DATA SHOWN:
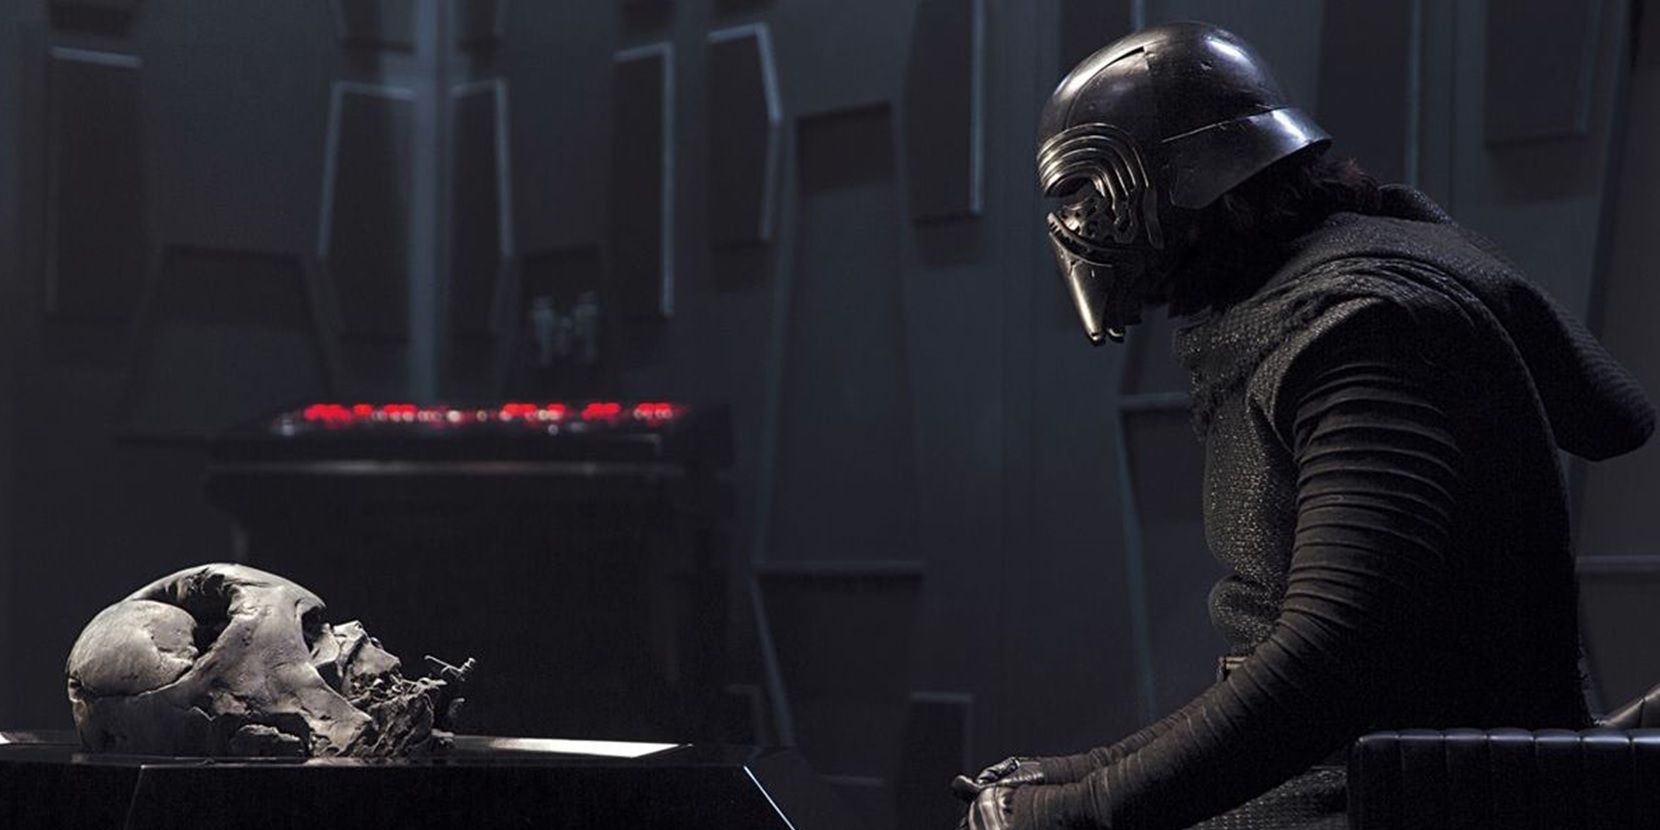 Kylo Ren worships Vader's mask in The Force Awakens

* * *

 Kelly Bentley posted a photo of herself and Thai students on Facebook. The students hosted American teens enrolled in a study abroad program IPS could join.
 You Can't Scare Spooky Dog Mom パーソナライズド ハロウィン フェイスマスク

ACTIVITY: An exact, complete copy of the lines above from the one with "Kelly Bentley posted" through the one with "You Can't Scare" is the whole answer.

FINISHED TASK:
 Kelly Bentley posted a photo of herself and Thai students on Facebook. The students hosted American teens enrolled in a study abroad program IPS could join.
 You Can't Scare Spooky Dog Mom パーソナライズド ハロウィン フェイスマスク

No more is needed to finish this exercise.